Figure 1 shows the device in its simplest embodiment. Attached to the hollow shaft 1 is a pump impeller consisting of a hub part 4, a plate 3 screwed to it and provided with vanes 14 and a main plate 2 screwed to the plate 3. The plates 2 and 3 form the side walls of the flow channels of the pump wheel.

With the rotational movement of this pump wheel, the circulating liquid is sucked into the opening 5, 4 567 / s of the main plate 2, whereby the maximum velocity of the liquid is generated in the venturi-like suction pipe, i.e. at the point where the gas inlets 6 are arranged in the pole part 4. The sucked gas thus enters the hollow shaft 1 7 and flows through the intermediate openings 8 and the gas inlets 6 ·

Fig. 2 shows a similar embodiment of the pump, in which the distance 9 between the side walls 2 and 3 of the pump can also be changed, and this change is to increase and decrease the total flow rate. At the same time, by adjusting the entire pump unit 2,3, which takes place by moving the hub part 4 on the shaft 1 with the screws 10 open, the distance 11, i.e. a flow opening in the venturi-like inflow tube. The flow rate, suction head and gas volume can thus be varied.

In order to better disperse the gas into the liquid, the outer circumference, i.e. the outlet of the pump wheel is provided in a known manner with a tube with openings, a baffle plate, etc., which have the function of reducing gas bubbles at the outlet of the pump.

The described devices can be mounted as a single or multiple implementation on a horizontal hollow shaft in a horizontal reaction boiler. Such structures have the advantage that relatively low suction heights are sufficient for proper aeration of large production volumes. On the other hand, such pumps can be installed as separate devices with a drive motor in reactors lying and standing on different sides.

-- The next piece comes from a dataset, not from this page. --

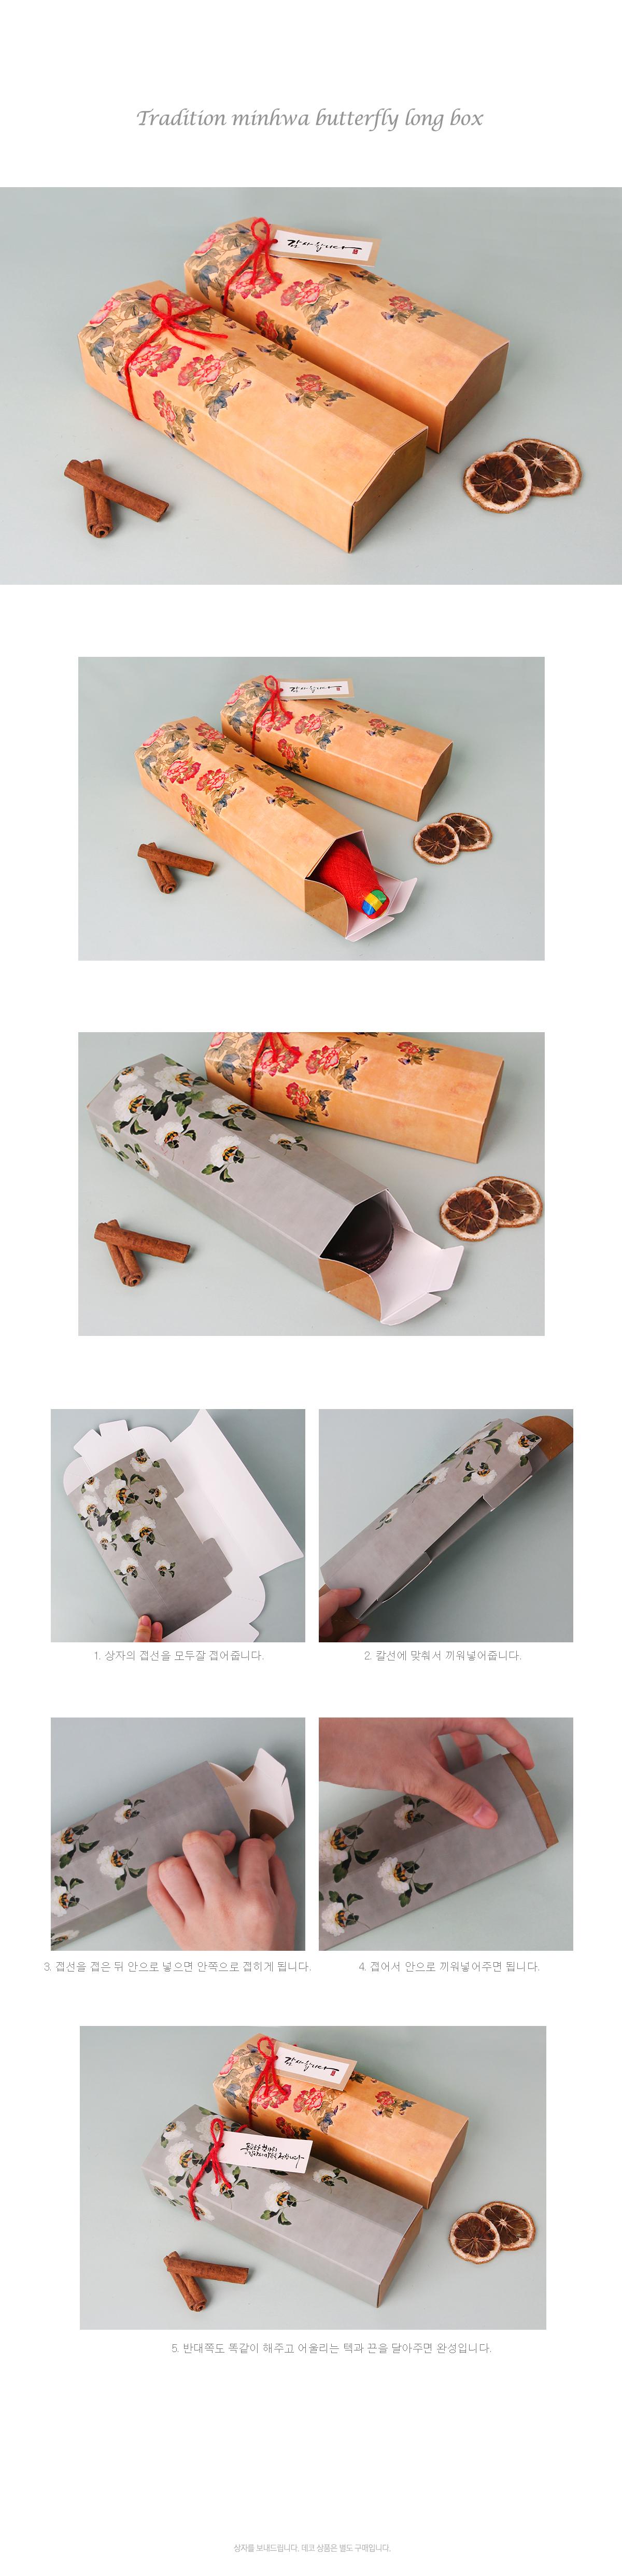 전통민화 나비 기다란 상자 (2개) - 인디고샵, 1,600원, 상자/케이스, 심플

Figure 3 shows such a gasification pump with a suction pipe 17 projecting into the boiler. If the dispersion in the reaction boiler tends to separate by flotation while transporting the slurry particles to the top surface of the liquid, the liquid (12) can be sucked from the top of the boiler and the gas 13 from outside.

Figure 4 shows a vertical section of a spherical reaction boiler in which a pump wheel is mounted by means of a flange. Air enters the reaction boiler through the suction pipe 13 and leaves it through the mechanical foam separator 18. The devices 19 act as coolers during fermentation.

Claims (3)

5 r - .. b o / / Is A ball user having a gasification device for a base fluid in aerobic, microbiological processes, the device consisting of an axially aspirating, closed centrifugal pump impeller mounted on a hollow shaft through which the incoming gas can be introduced into the impeller through the gas inlet openings, wherein it can be mounted in a tank, or a horizontal reaction boiler with one or more gasification devices for a base fluid mounted on a horizontal hollow shaft in aerobic microbiological processes, consisting of an axially aspirating closed centrifugal pump impeller, or lying or standing reactors with in processes consisting of an axially aspirating closed centrifugal pump impeller, whereby the centrifugal pump, arranged in one unit with the drive motor, can be mounted in series; ktor, characterized in that the impeller inlet for the liquid has a venturi-like constriction (5) with suction openings (6) for the gas to be introduced into the base liquid at the narrowest point. User according to Claim 1, characterized in that the impeller has distance-adjustable side walls (2,3) for adjusting the flow rate. User according to Claim 1 or 2, characterized in that by moving the hub part (4) on the hollow shaft (1) with the screws (10) open, the flow opening of the venturi-like constriction (5) can be changed.